Task goal |
Exact copy, no pictures: output each line below as it stands.

═══ Data block

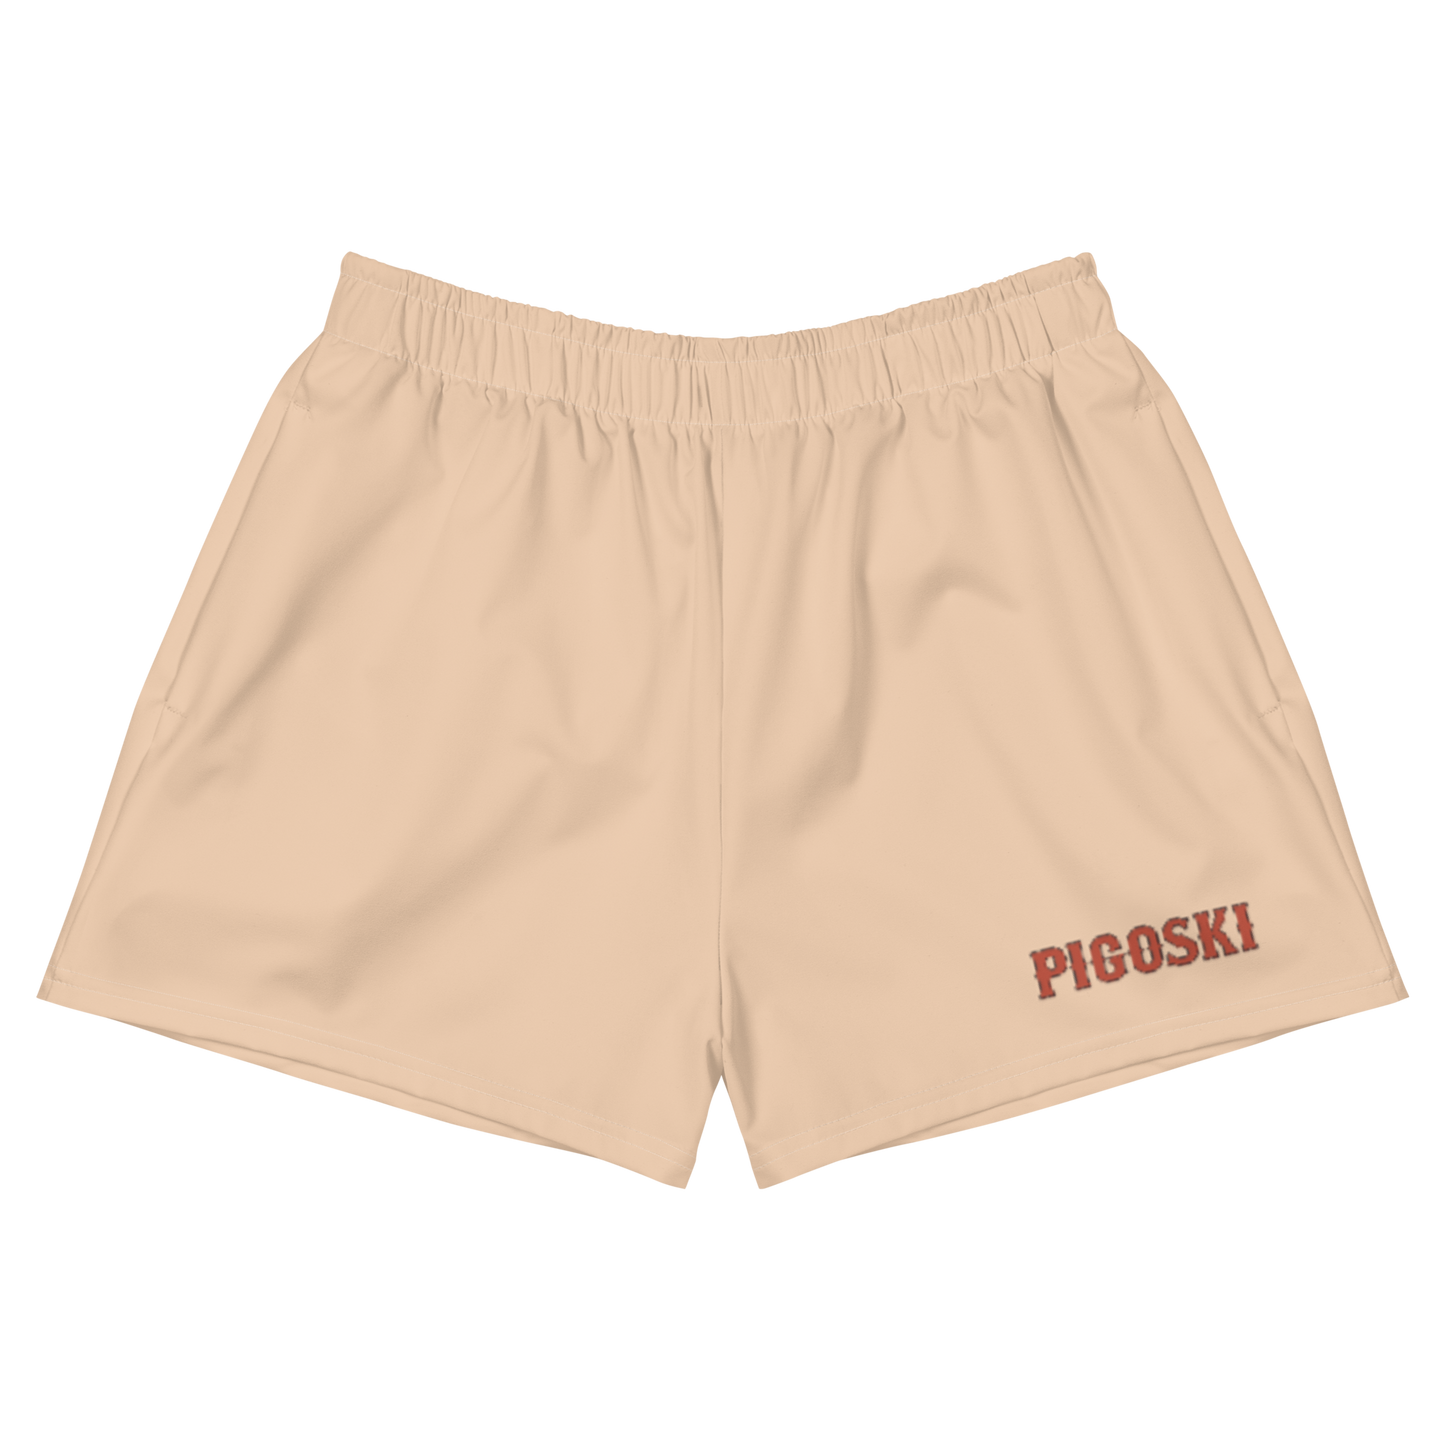 Tan Gerish Athletic Shorts
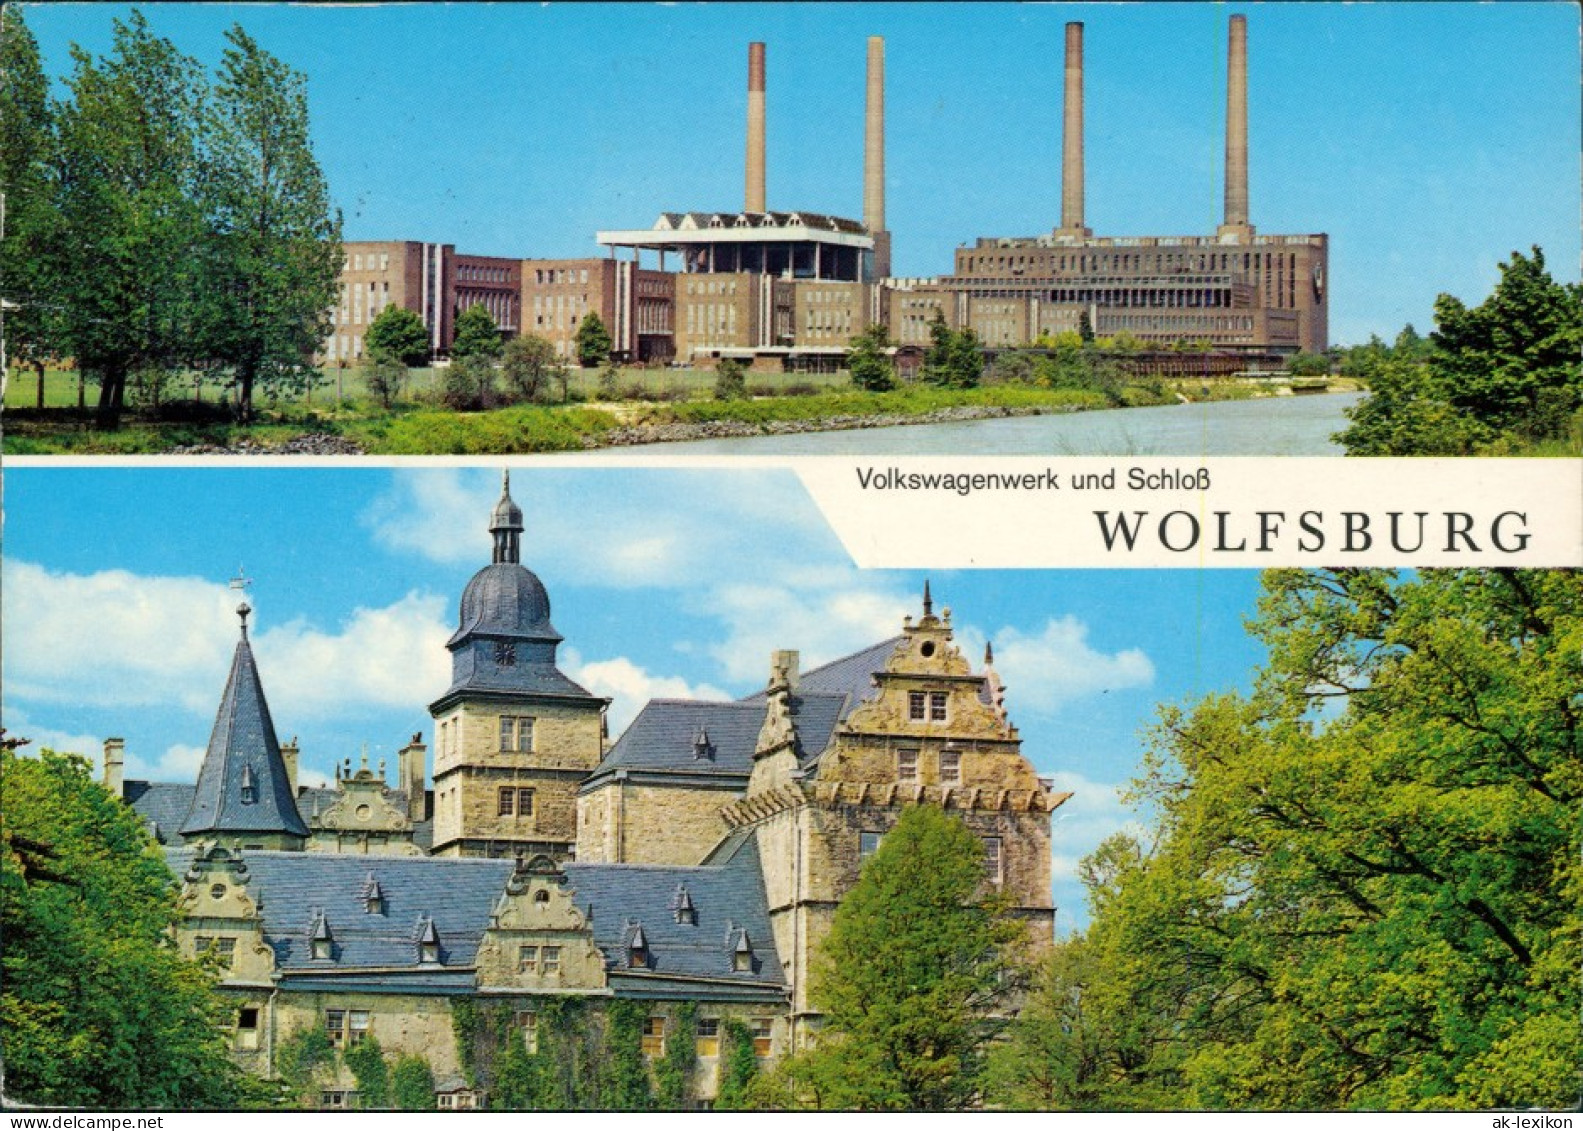 Ansichtskarte Wolfsburg VW Volkswagen-Werk Und Schloß 1973 - Wolfsburg
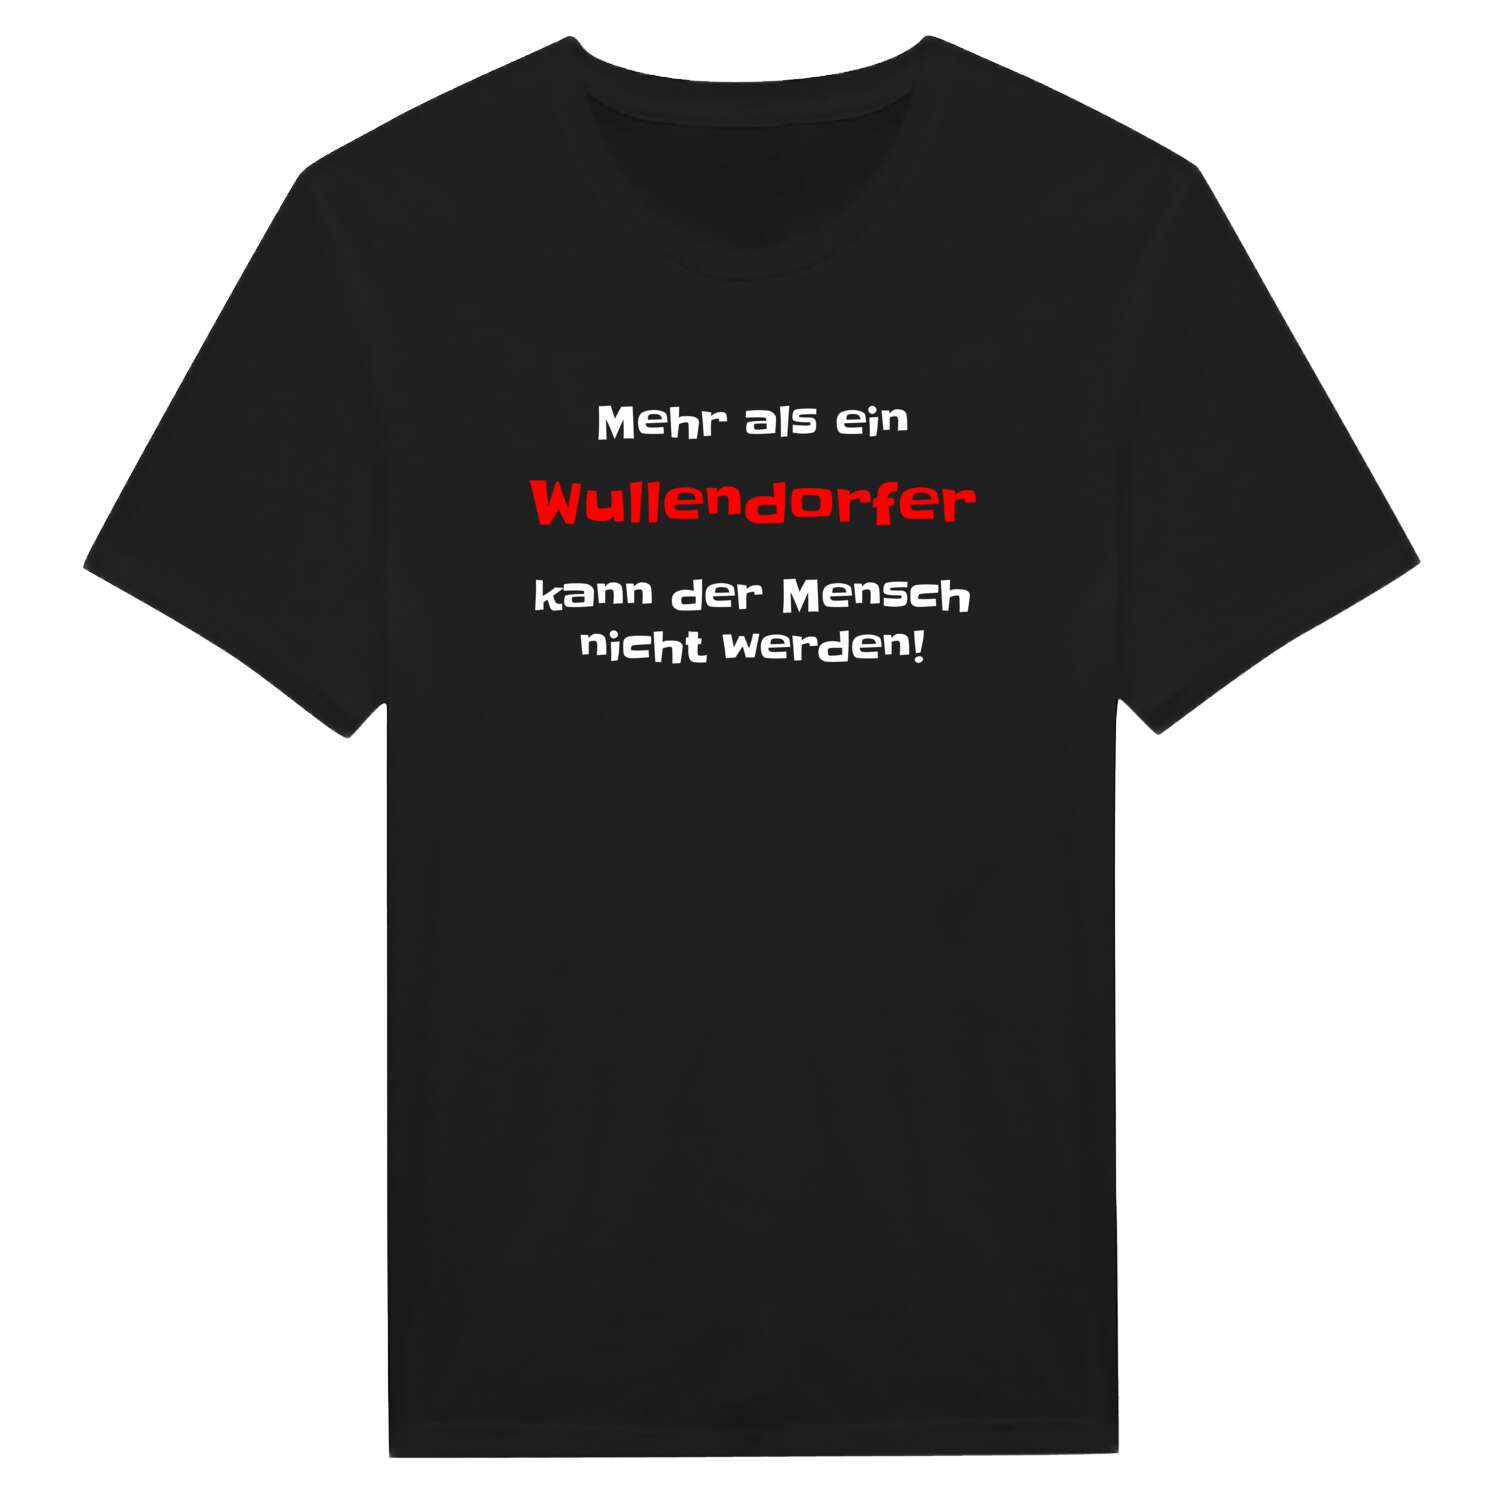 Wullendorf T-Shirt »Mehr als ein«

══════

Task answer |
 Tan Gerish Athletic Shorts
 Ansichtskarte Wolfsburg VW Volkswagen-Werk Und Schloß 1973 - Wolfsburg
 Wullendorf T-Shirt »Mehr als ein«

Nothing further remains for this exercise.